**Task details**.
Skip the pictures. Output only the lines below starting at the line with "Bekleidungsstoff Leinen 255g/m²" and ending at the line with "23 aprile –", both ends included, exactly as they are.

**Given records**.
◆ ◆ ◆
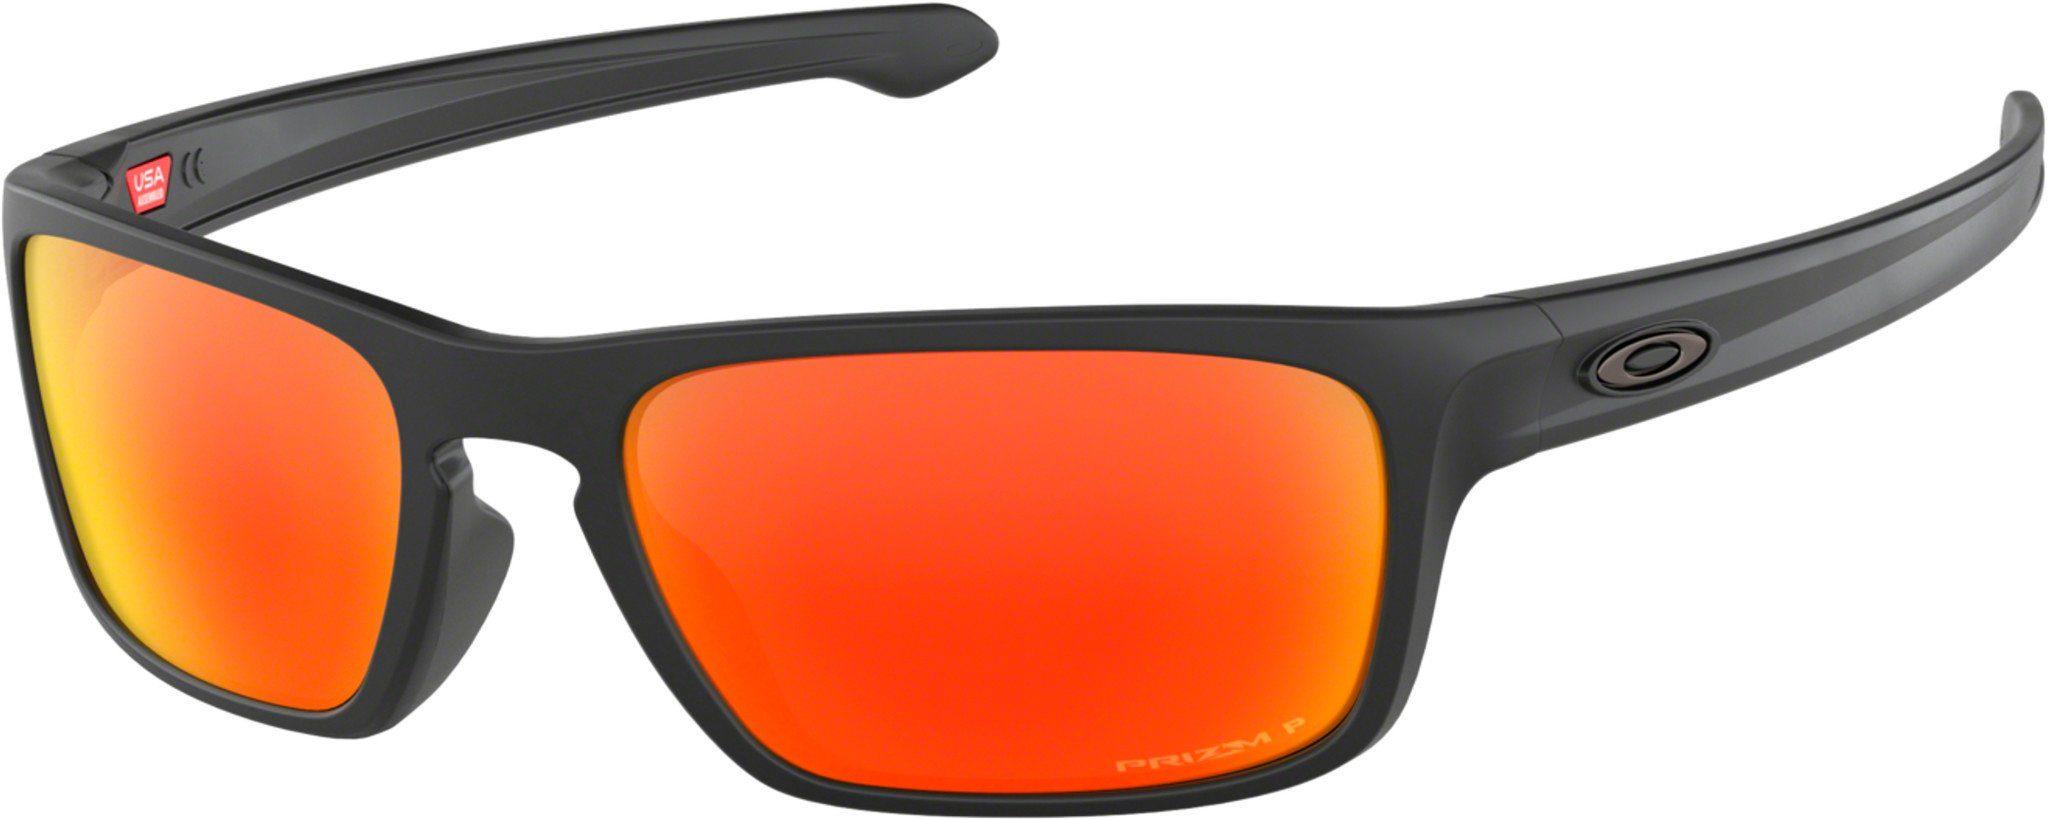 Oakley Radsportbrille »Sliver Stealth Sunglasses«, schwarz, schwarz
◆ ◆ ◆
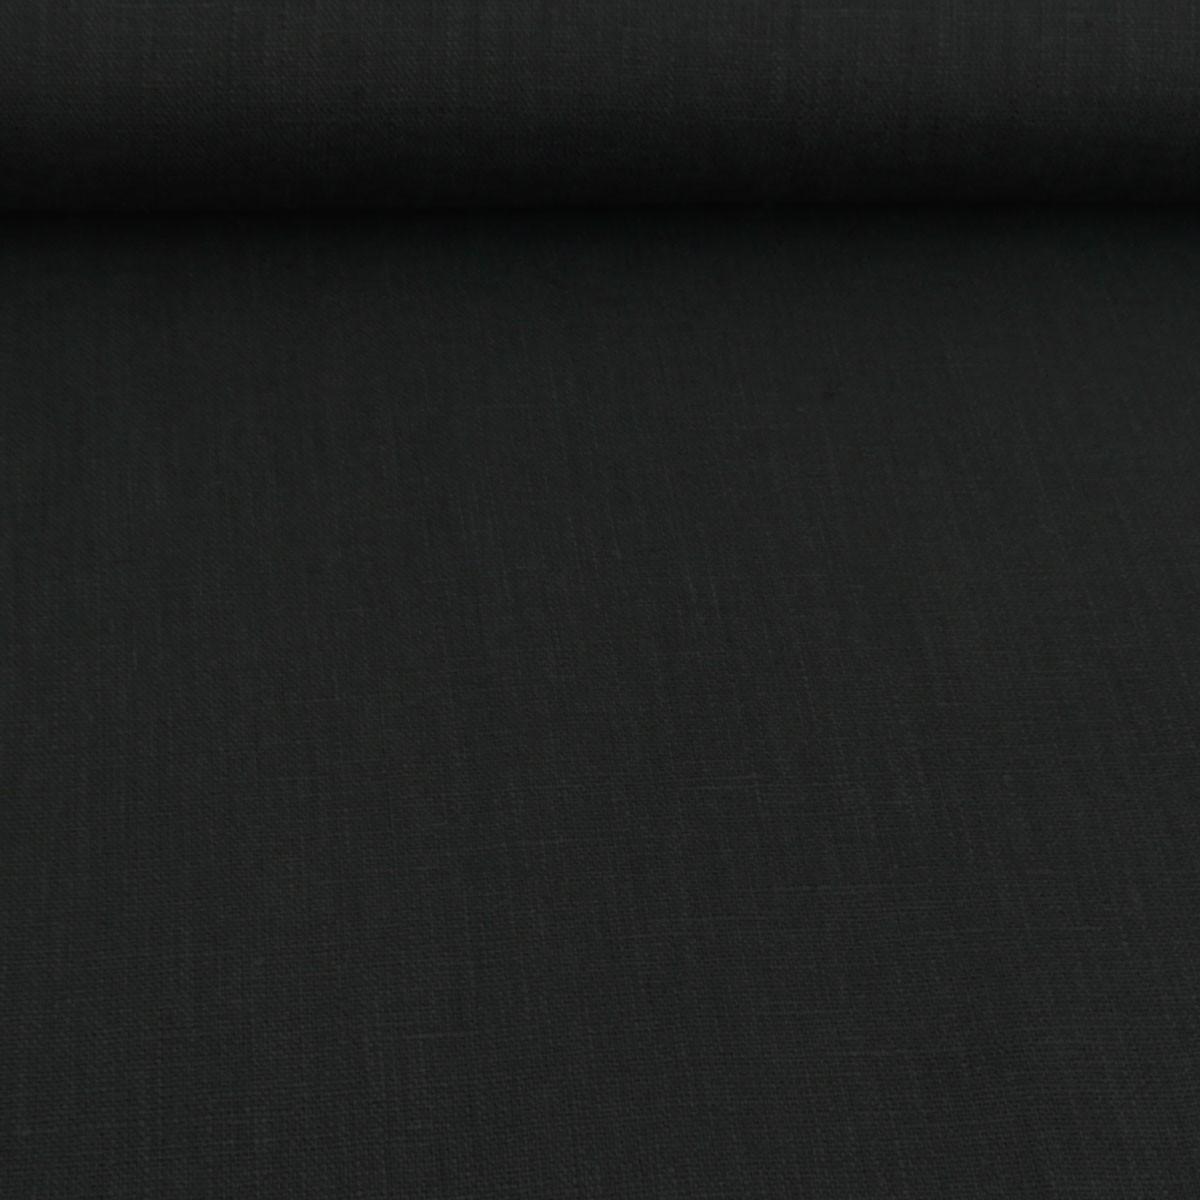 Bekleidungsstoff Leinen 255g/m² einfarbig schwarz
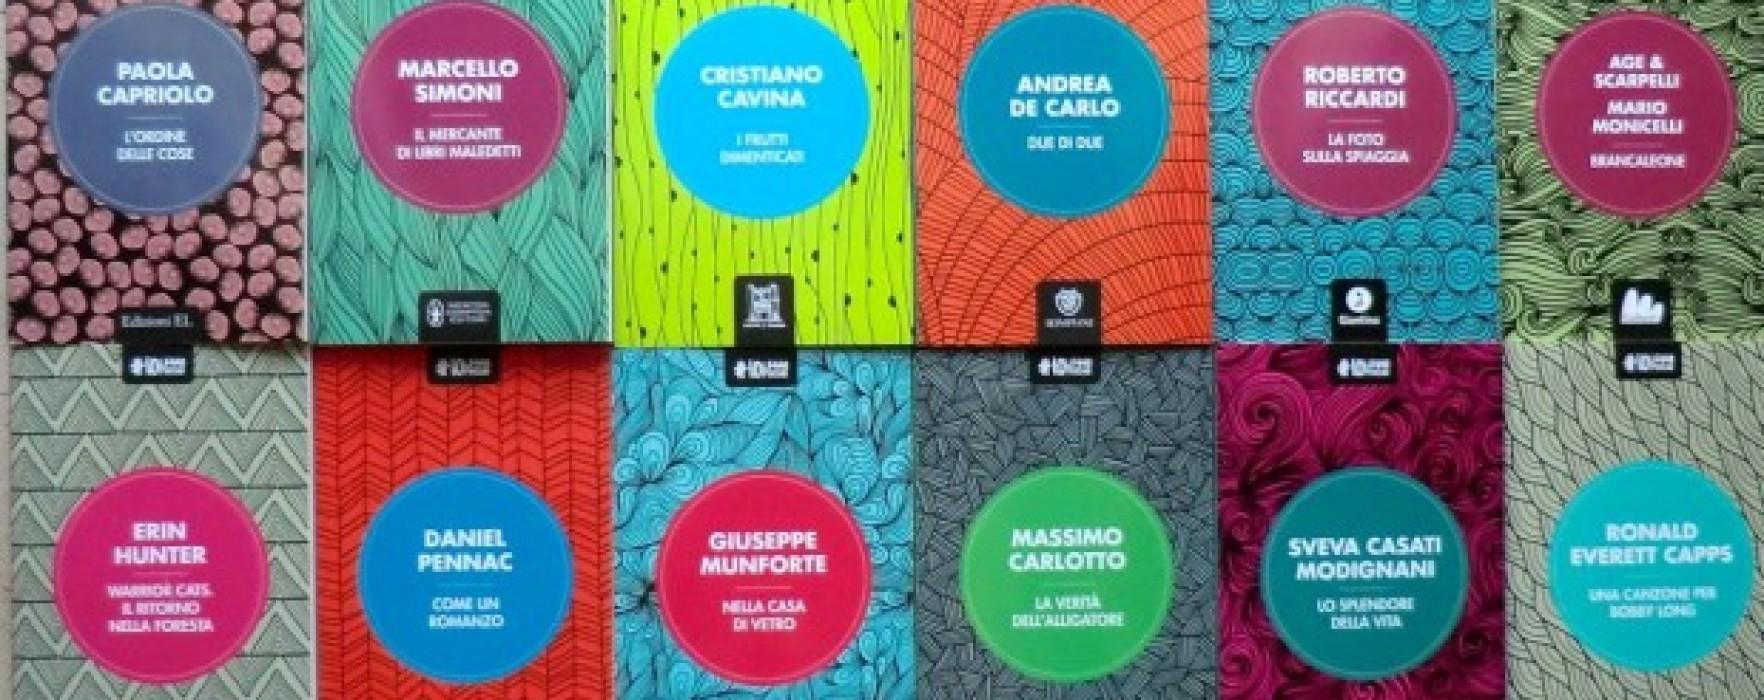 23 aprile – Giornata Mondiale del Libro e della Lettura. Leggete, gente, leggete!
◆ ◆ ◆
**Response**.
 Bekleidungsstoff Leinen 255g/m² einfarbig schwarz
 23 aprile – Giornata Mondiale del Libro e della Lettura. Leggete, gente, leggete!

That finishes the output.